# GTROC Visits NISMO Festival 2007



## JasonO (Jun 29, 2001)

*Saturday at NISMO Festival 2007*










Hope the weather holds out.


















7000 Miles from home, and friends are easy to spot (Thrust).







































































































































We even managed to be part of the action ! :bowdown1: :smokin: :bowdown1: :thumbsup:


----------



## Trev (Nov 1, 2003)

You lucky, lucky, lucky, lucky, lucky, lucky, lucky, lucky, lucky, lucky, lucky, lucky, lucky, lucky, lucky, lucky, lucky, LUCKY lucky, lucky man.


----------



## Alan (Jul 1, 2001)

Trev said:


> You lucky, lucky, lucky, lucky, lucky, lucky, lucky, lucky, lucky, lucky, lucky, lucky, lucky, lucky, lucky, lucky, lucky, LUCKY lucky, lucky man.


*Ditto *


----------



## joker69 (Mar 13, 2006)

i'm there also...in my dreams ;-)

nice pics


----------



## cherry boy (Dec 16, 2005)

What sort of engine is in that blue calsonic skyline??? Beats Me!


----------



## Vips (May 13, 2007)

cherry boy said:


> What sort of engine is in that blue calsonic skyline??? Beats Me!

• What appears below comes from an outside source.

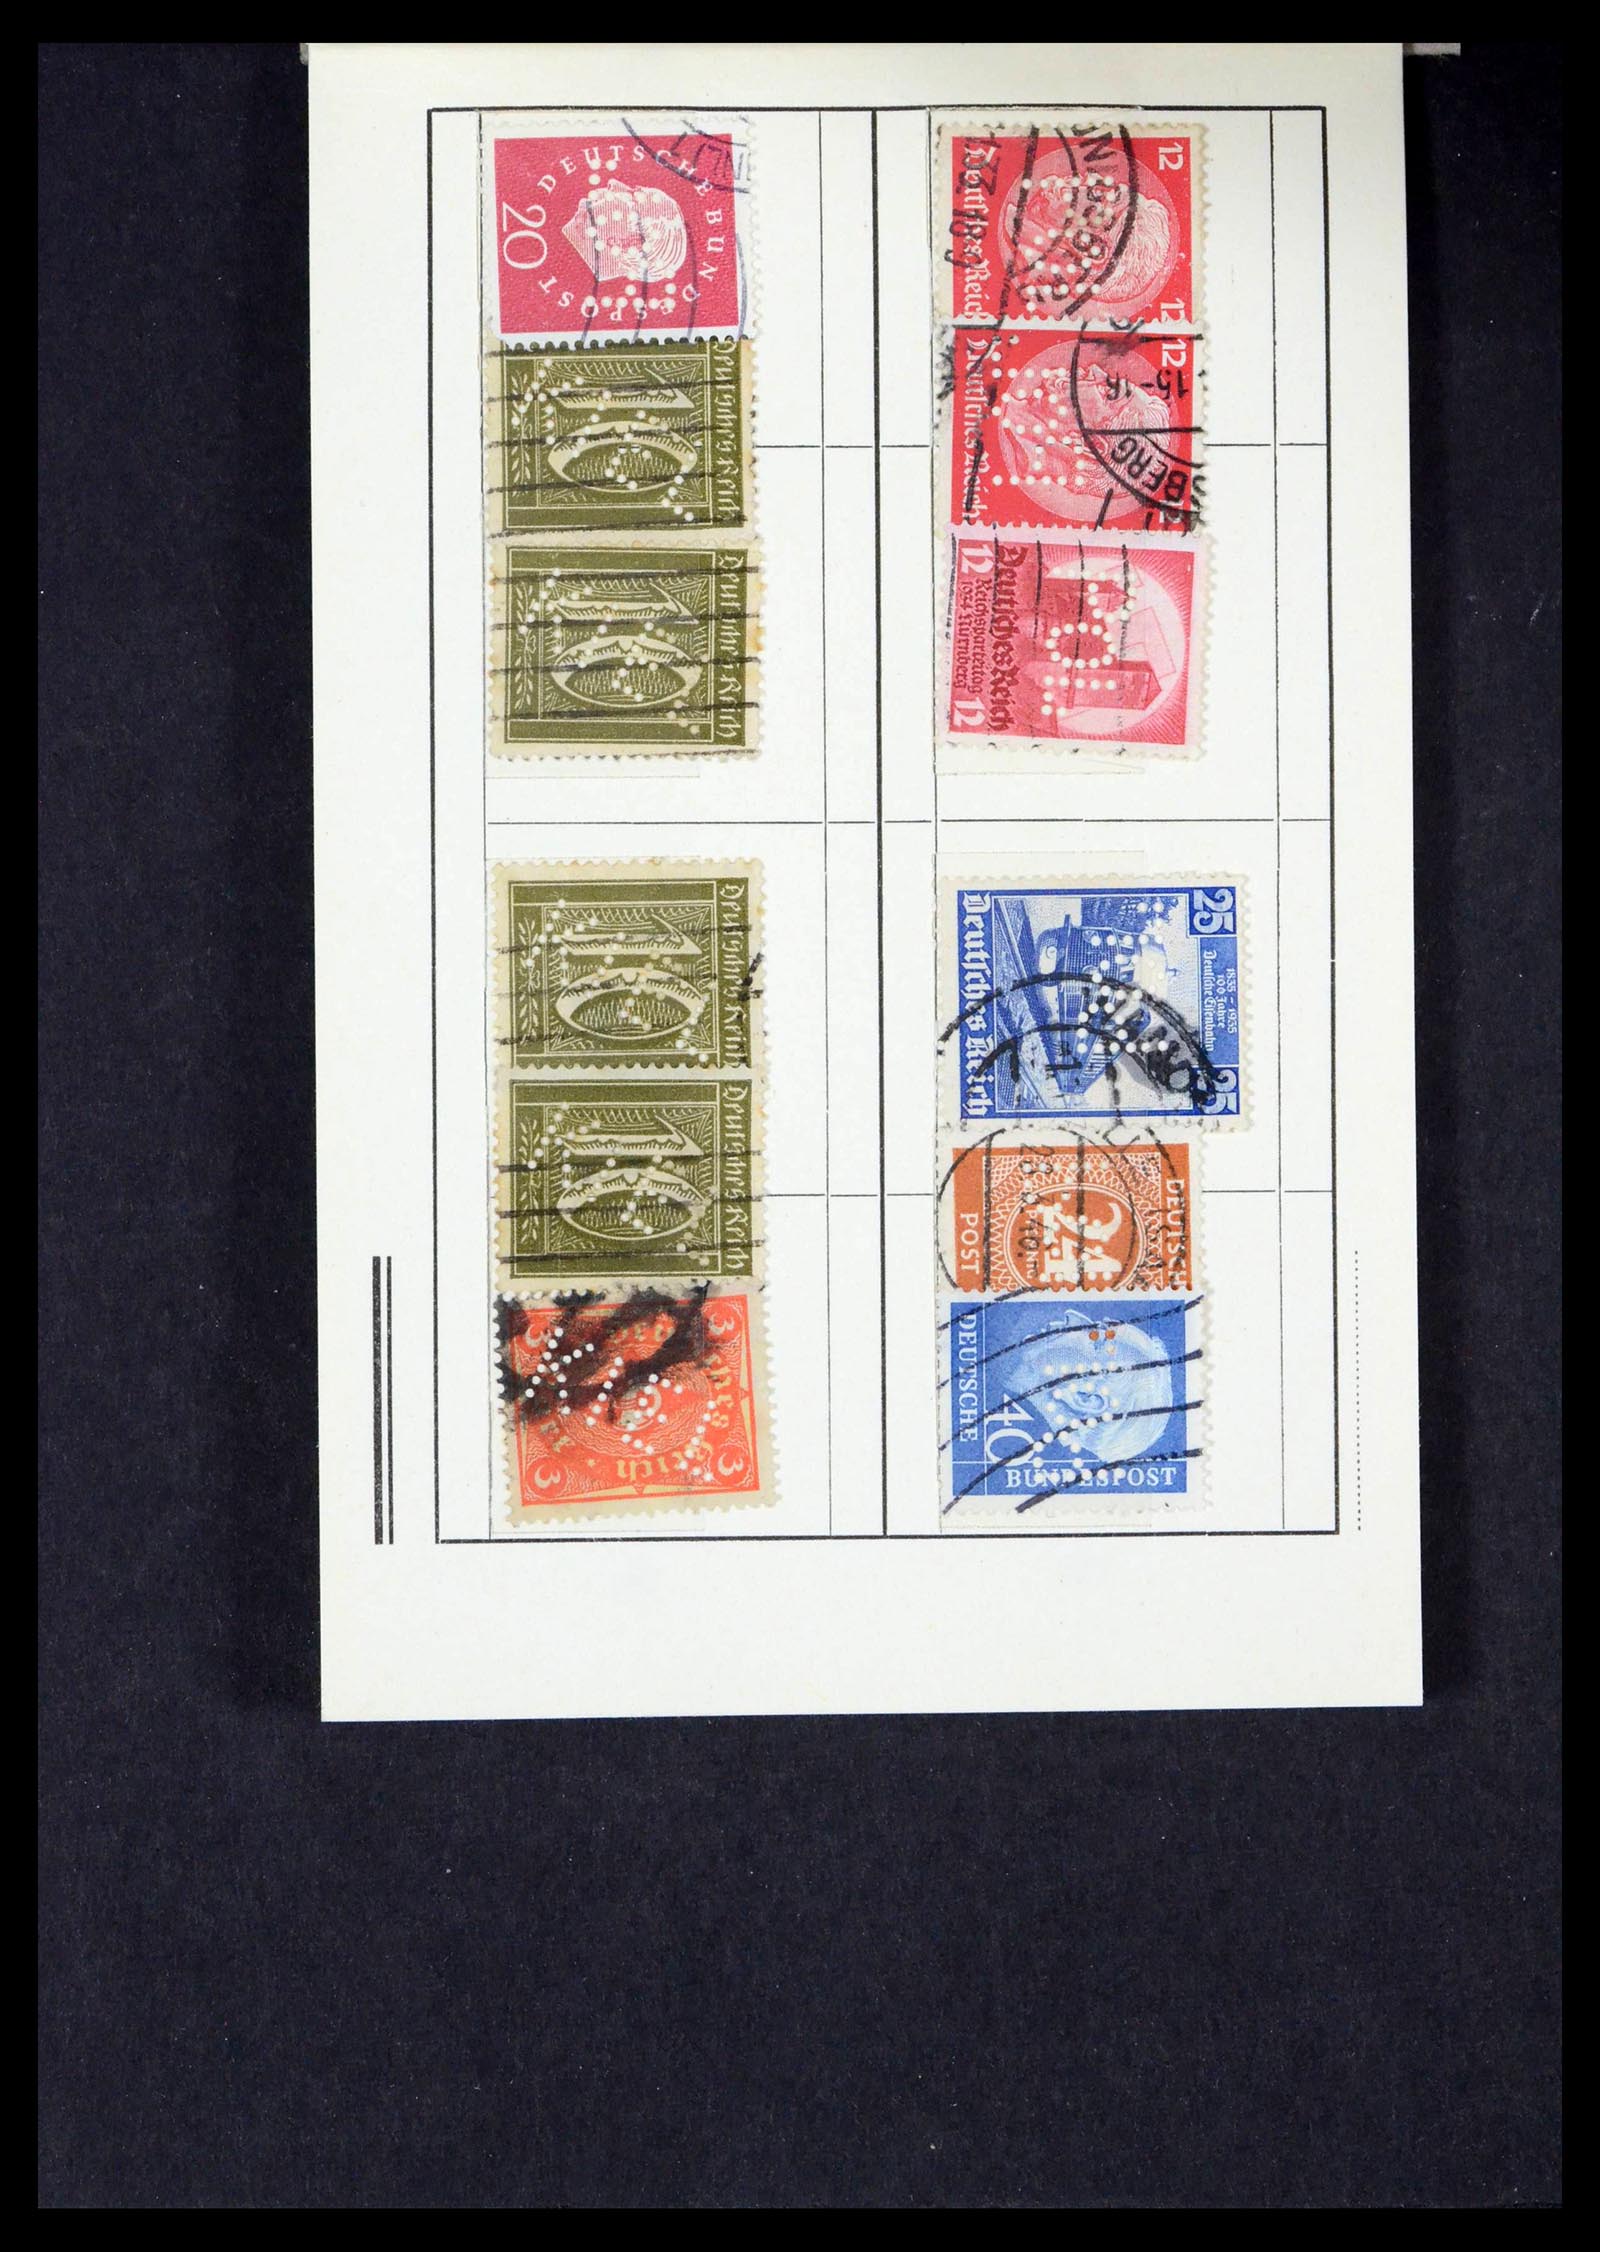 39458 0020 - Stamp collection 39458 Germany POL lochungen 1926-1955.

Also on that Calsonic, what's the pole sticking out of the headlamp?


----------



## Rain (Apr 8, 2006)

Vips said:


> Also on that Calsonic, what's the pole sticking out of the headlamp?


If im not mistaken that is the air supply line for the airjack system...i think.


----------



## TSUCHIYA-KUN (Mar 19, 2007)

You are lucky guy to be there seeing that festival!!!
Thx for sharing your photos but , we want moore!!! :flame:


----------



## Fuggles (Jul 3, 2001)

Thre will be a full write up in the January edition of _Sky Lines_.


----------



## EvolutionVI (Sep 6, 2005)

Im in Japan,yes,but could not make it to Fuji,as we did go out of the airport at half past 12,arrived in the hotel 30min befor 

Hope to see some good action in Tsukuba on thursday:wavey: 

Alex


----------



## Shin (Jul 4, 2001)

Hi there,

I spotted them!










For more pics, please feel free to visit GTR-WORLD.net


----------



## Kanzen (Aug 2, 2007)

Scott & Jason - Good you meet you guys today.

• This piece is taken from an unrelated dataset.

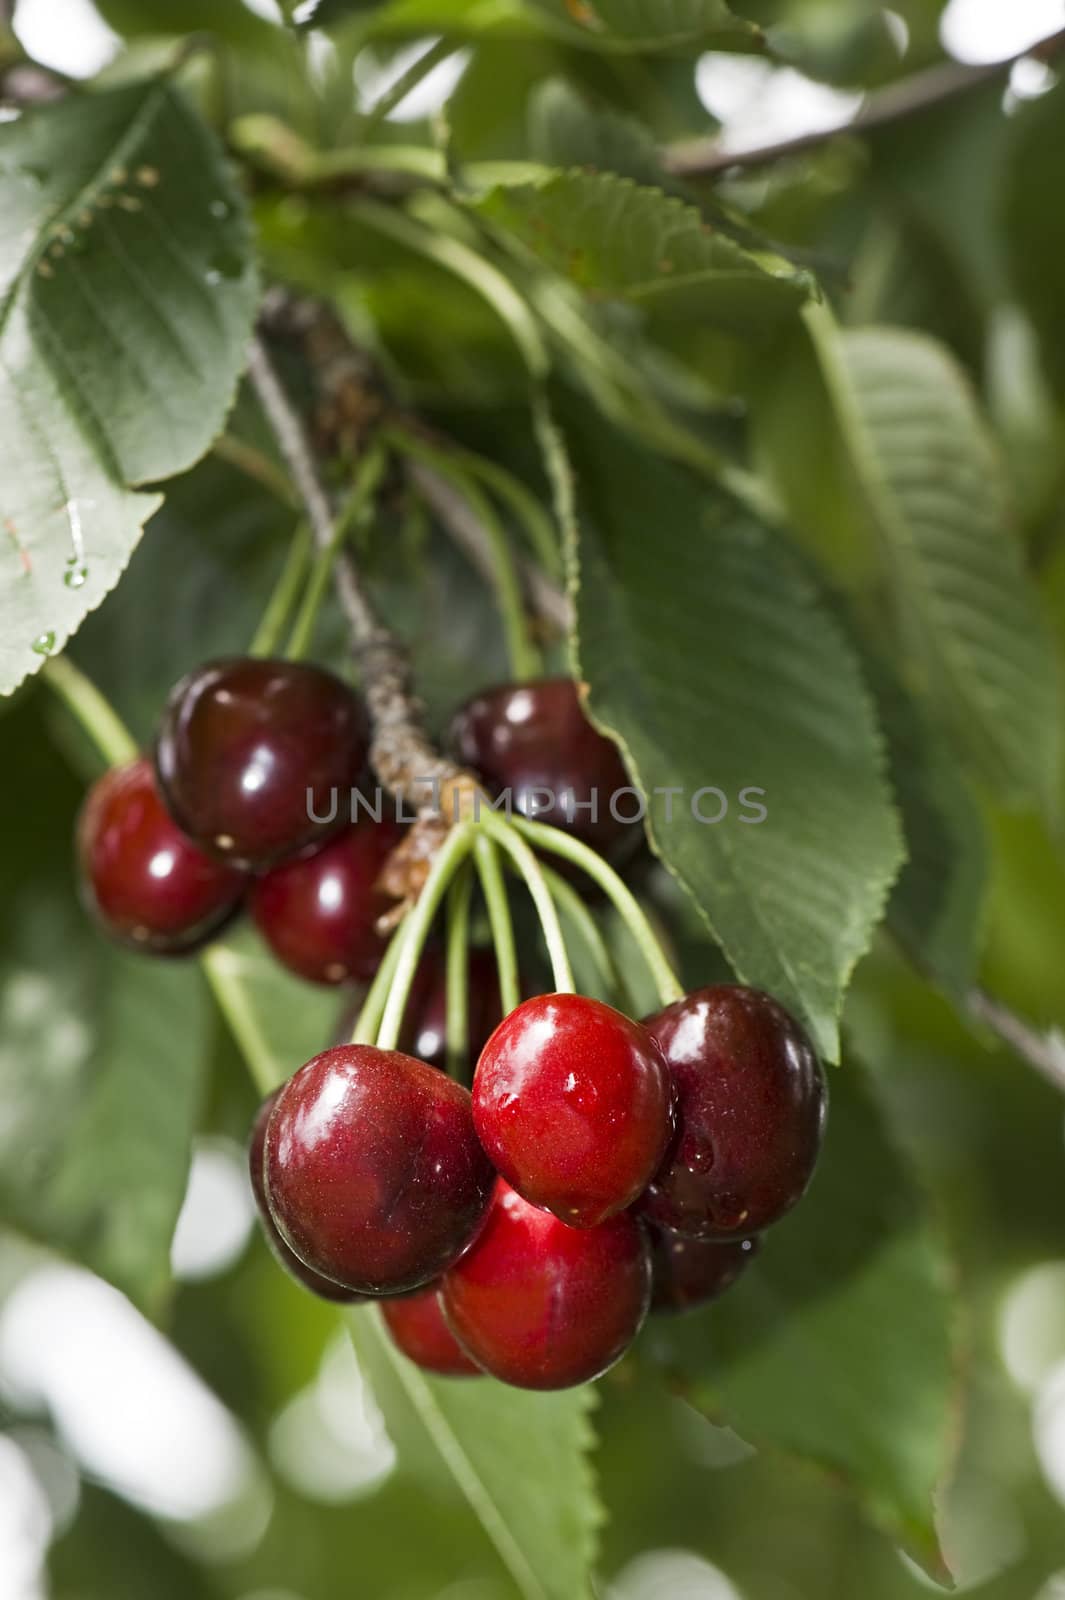 Cherries in a bunch on the tree

Sounds like you had a great time yesterday too !


----------



## murano3 (Mar 23, 2005)

great pics


----------



## Thrust (Jun 8, 2004)

Just got back after 7 hours on the motorway. Got flashed frontally doing something between 130 and 140 kph on an empty bit of motorway... trying to get the daughter back as she's got work first thing Monday morning, possibility of 12 points off my license and 120,000 yen fine, a little bird told me. 100kph speed limit, and only flashes if you are doing over 120 kph, is the rumour.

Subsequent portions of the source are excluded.